Did the Atomic bomb announce the final technological disaster, or the beginning of a new era? In the book, the nuclear bomb is mentioned only a couple of times. Possibly, for Christian humanists the new weapon of mass destruction was not a ground breaking novelty, but a continuation of a trend against which they had warned the public for a long time. Some mid-century thinkers, like Lewis Mumford, argued that the bomb epitomised the dichotomy of humanity versus technology as the final debasement of humanity. He denounced the cult of expertise, which infiltrated also the universities in terms of science and industry oriented research prevalence over humanities. In line with the gospel of Christian humanism, he called for a return to a moral education of humanity, based on the fundamental values of culture, faith and civilization. Mumford would have identified with Jacobs’ affirmation that, for Christian humanists, ‘the world has gone astray because its people had been poorly educated and if the total destruction of the human world were to be averted new ways of educating had to be found.’(xiv) for him, as for the protagonists of the book, the values that should illuminate the process of re-education were grounded in the cultural and historical experience of the West. The world worth saving from nuclear destruction did not encompass the entire globe. Despite Christianity’s claims for universality, Jacobs’ book highlights the geopolitical and conceptual limits of the mid-century humanist vision, that could not envisage a true interaction with non-Western people or values as a defining element of the post-war era.

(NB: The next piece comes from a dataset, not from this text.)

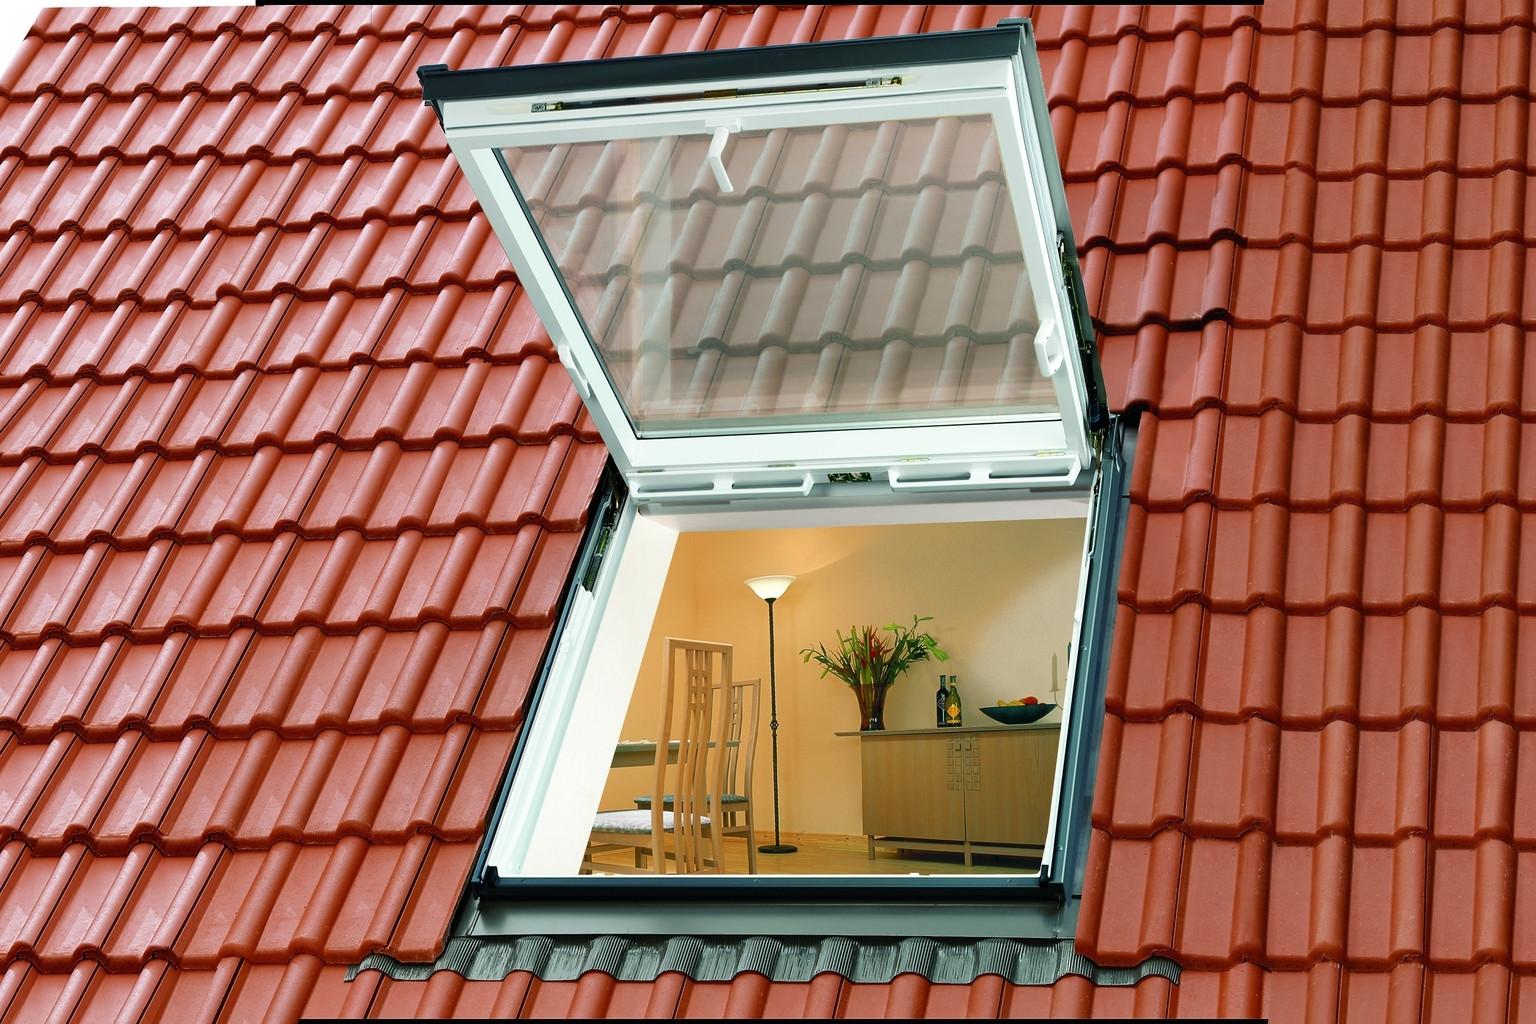 Full Size of Velux Fenster Preise Dachfenster Einbau Preisliste 2019 Preis Mit 2018 Einbauen Hornbach Angebote Velugtu 0066 Energie Plus Dachausstieg Online Kaufen Bausepde Fenster Velux Fenster Preise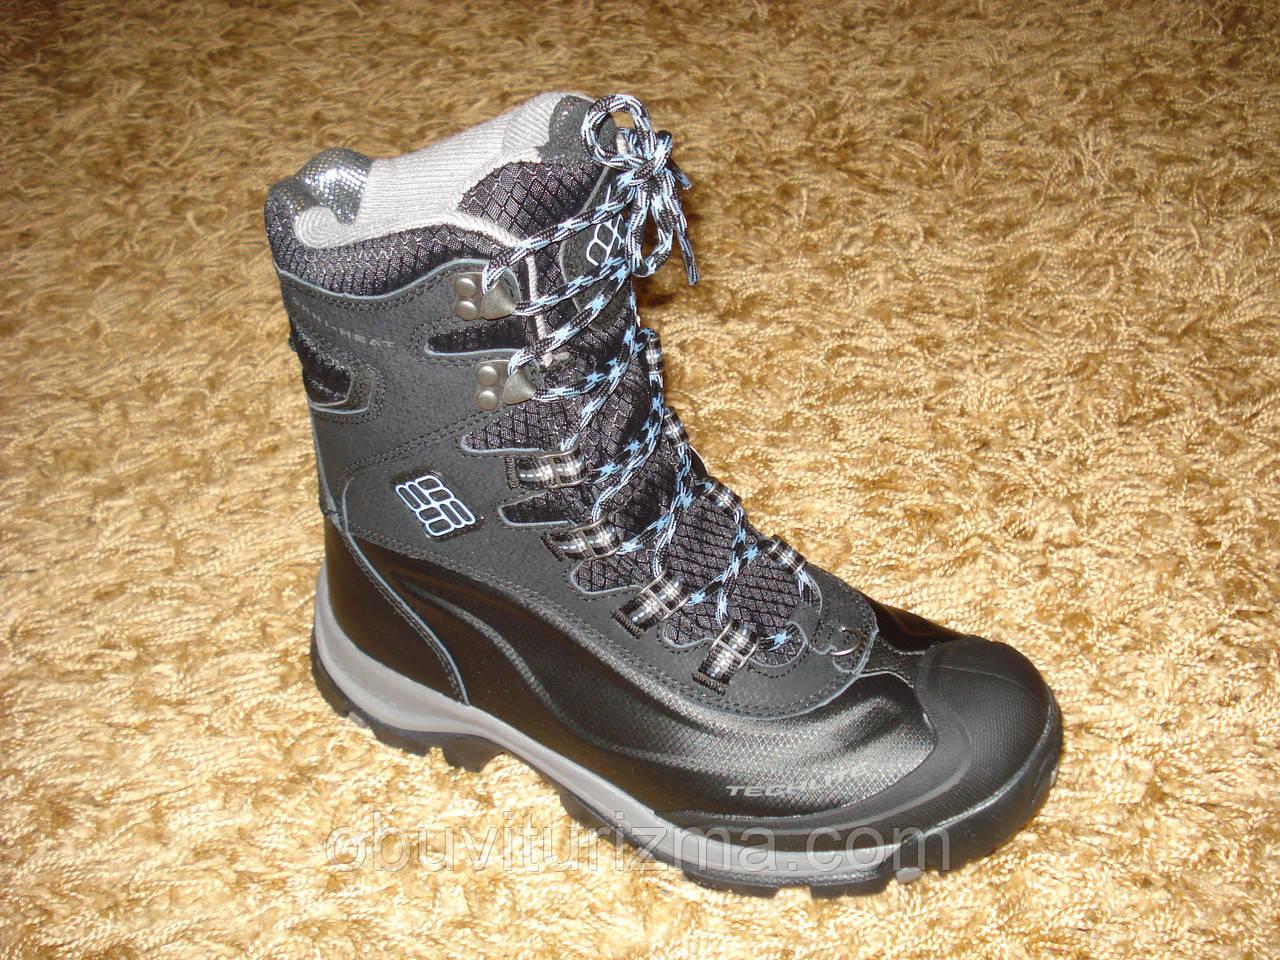 Ботинки Columbia Bugaboot™ PLUS 3 OMNI-HEAT® 200g (8 8.5)  выгодные ... 9db13f414395a

The Year of Our Lord 1943 is a fascinating and insightful reflection on intellectuals’ reaction to perceived crisis. In their literary, philosophical, journalistic and private writings, Eliot, Weil, Maritain, Auden and Lewis expressed their fear that humanity is approaching a destructive crisis of its own making. The book’s elegant style and gripping prose linger with the reader, along with a persistent reflection on the desirable and possible intellectual reactions to contemporary men-made crises, and on the human moral values worth preserving as a guidance for the future.